Monday, April 23, 2012

Are religiously informed public policy proposals legitimate?

Christian philosopher Francis Beckwith analyzes the claim that the claim "of courts and legal theorists who argue that religiously informed policy proposals have no place in a liberal democracy because the religious worldviews from which they herald are at their core unreasonable, for they are dependent on irrational beliefs."
The judicial opinions, most of which affirmed or implied the irrationality of religious belief, did not surprise me, since the jurists who wrote them are often unacquainted with the sort of literature on the rationality of religious belief that has been the staple of Anglo-American philosophy for nearly five decades. 
What did surprise me were the legal theorists.
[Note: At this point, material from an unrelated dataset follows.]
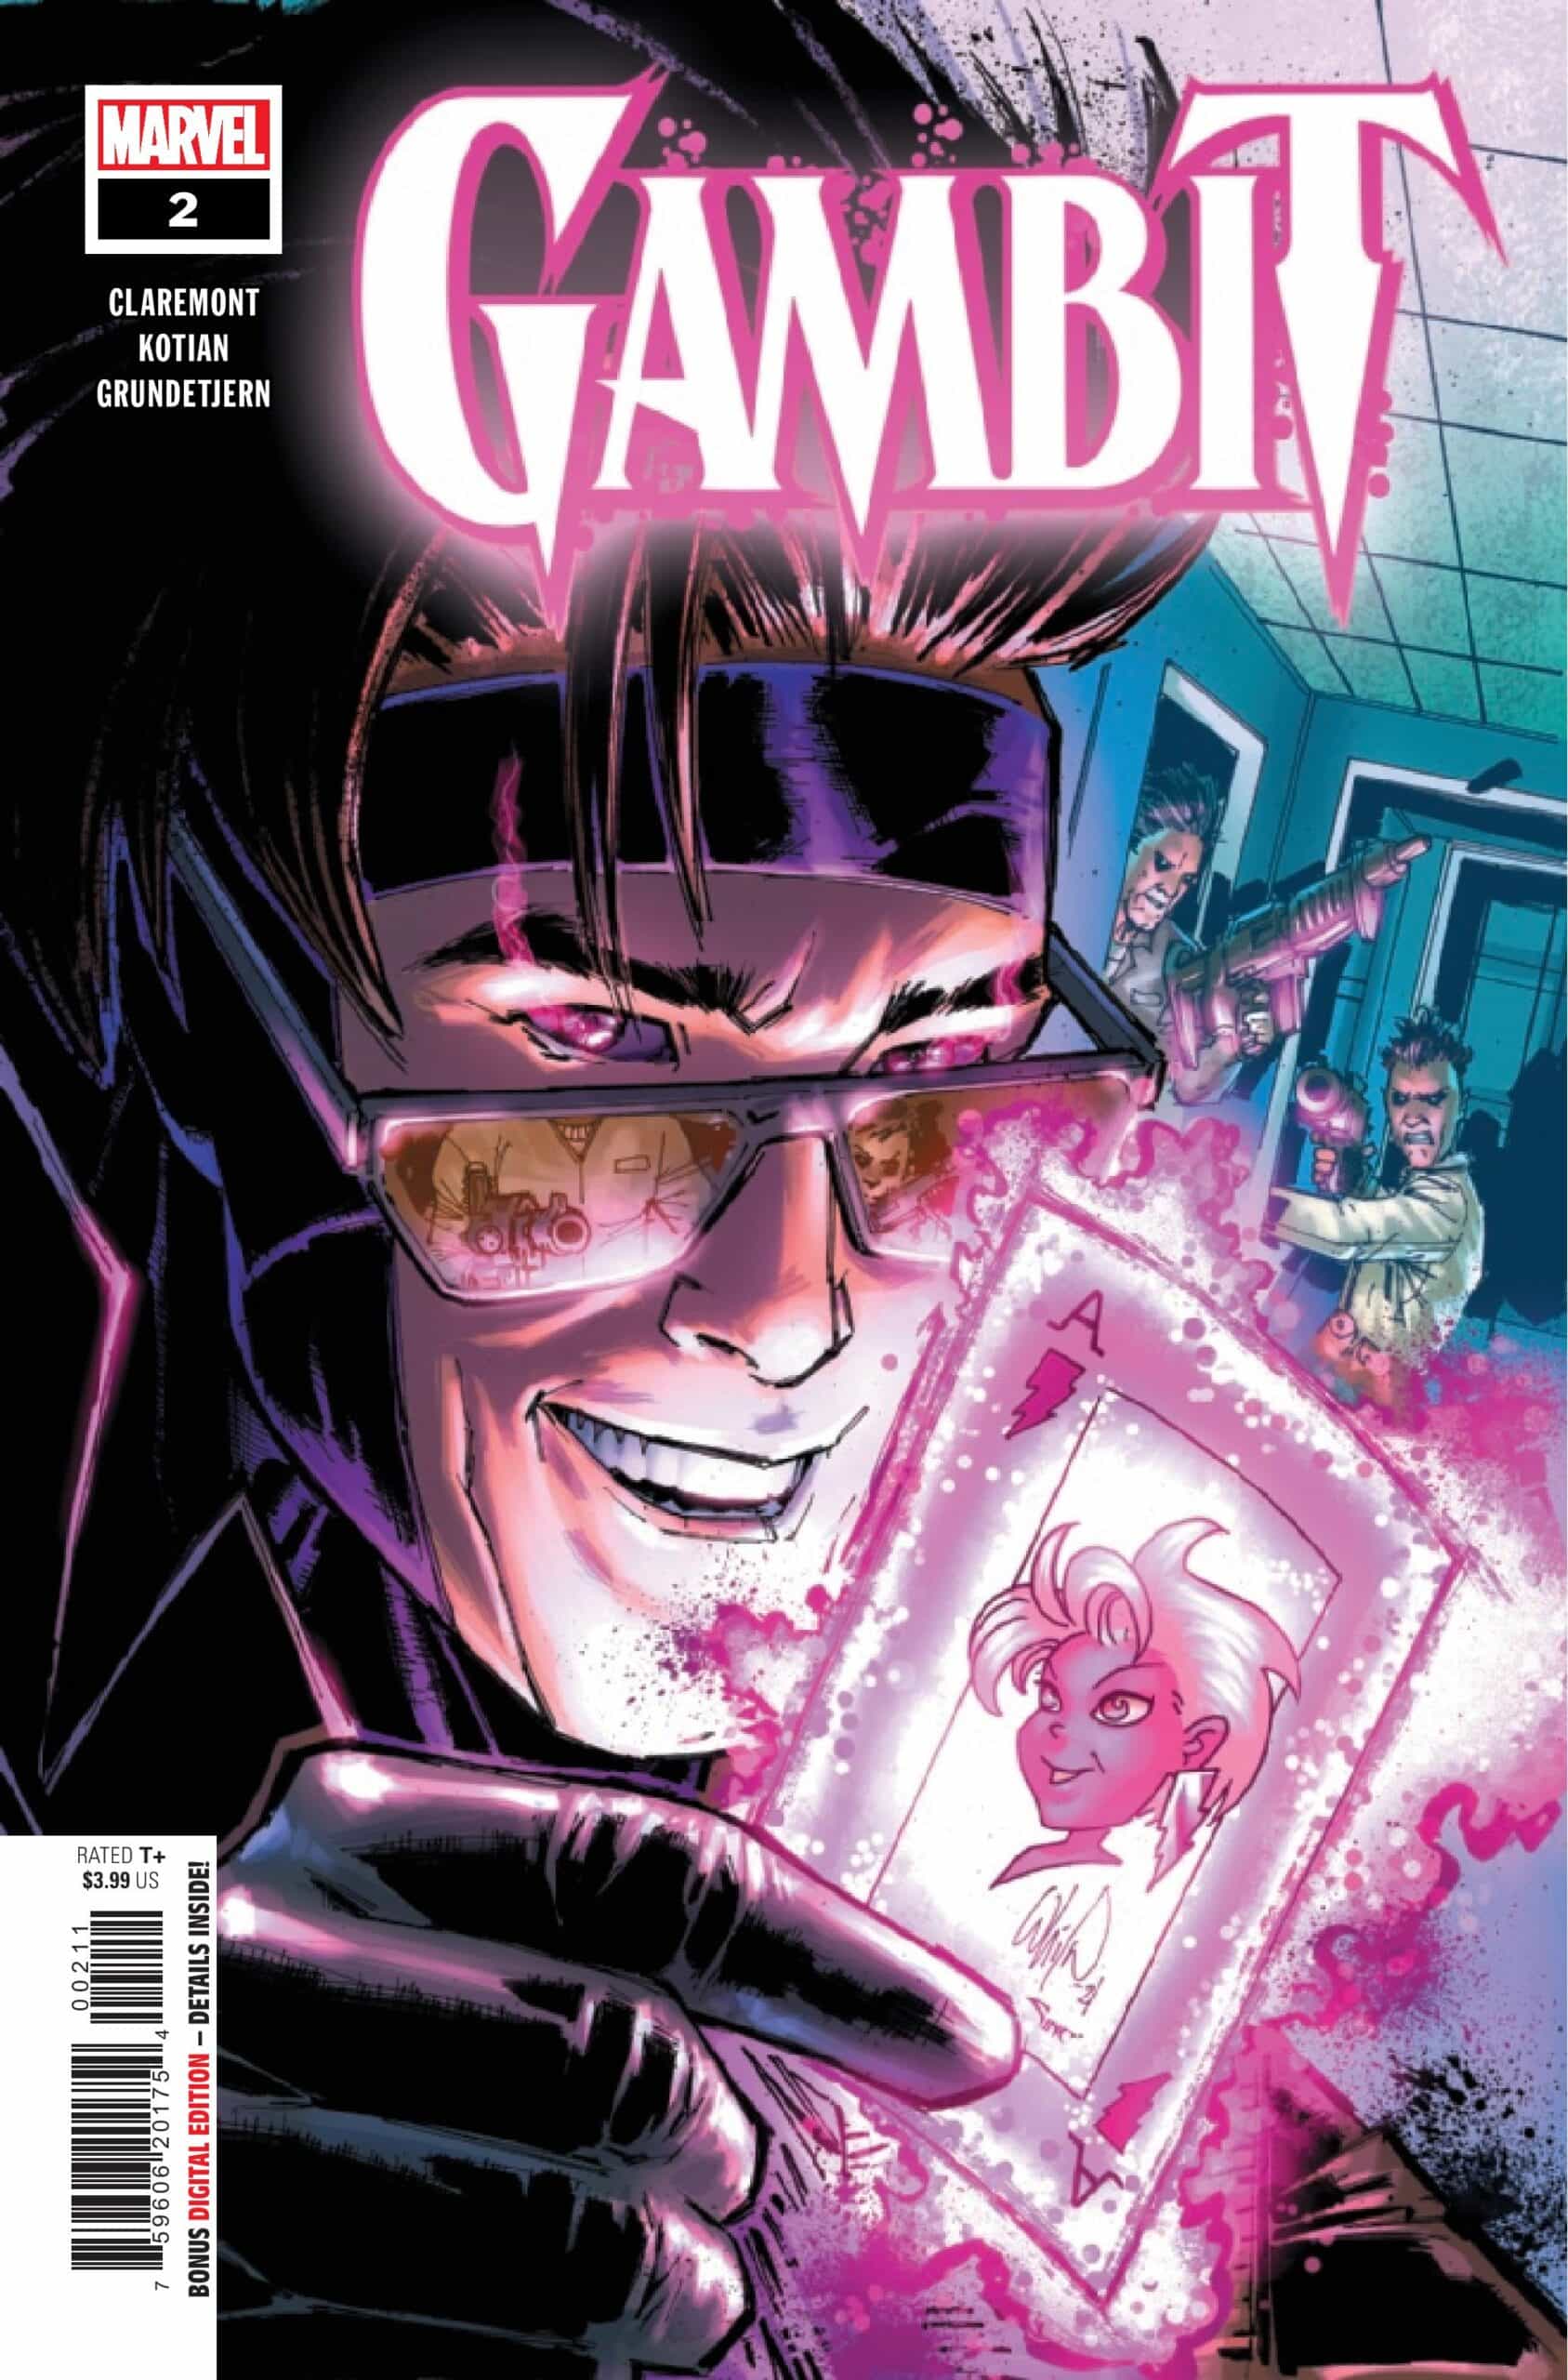 Mourn The Death Of Gambit In Our Exclusive Preview Of Knights Of X #4 -  ComicsXF

Their ignorance was embarrassing ...
... The legal theorists I read all claim to be experts in law and religion, and their works appear in law reviews published by prestigious universities. And yet, I could not find in them a hint that they had even a superficial acquaintance with the vast literature on religion and rationality produced by religious (and some non-religious) thinkers (mostly philosophers) over the past fifty years. 
... It should not surprise us, then, that when political conflicts between church and state arise that academic and media elites treat the church’s point of view as if it were an irrational outlier to contemporary culture. As I have come to reluctantly realize, they simply do not know any better, since their education insulated them from views contrary to the unquestioned secular hegemony that was ubiquitous in their intellectual formation.
Read the rest here.

1 comment:

KyCobb said...

Martin,

If a religiously informed proposal is rational, then it should have no problem withstanding a constitutional challenge. If the only reason you can give for a proposal is because it is your sect's interpretation of God's will, then that won't stand up in court, because the government of the U.S. is neutral on religious beliefs. So, for example, if someone claimed that it was unconstitutional to teach evolutionary theory in public schools because it is compatible with Catholic theology, that challenge would fail since it is rational to teach evolution because it is good science.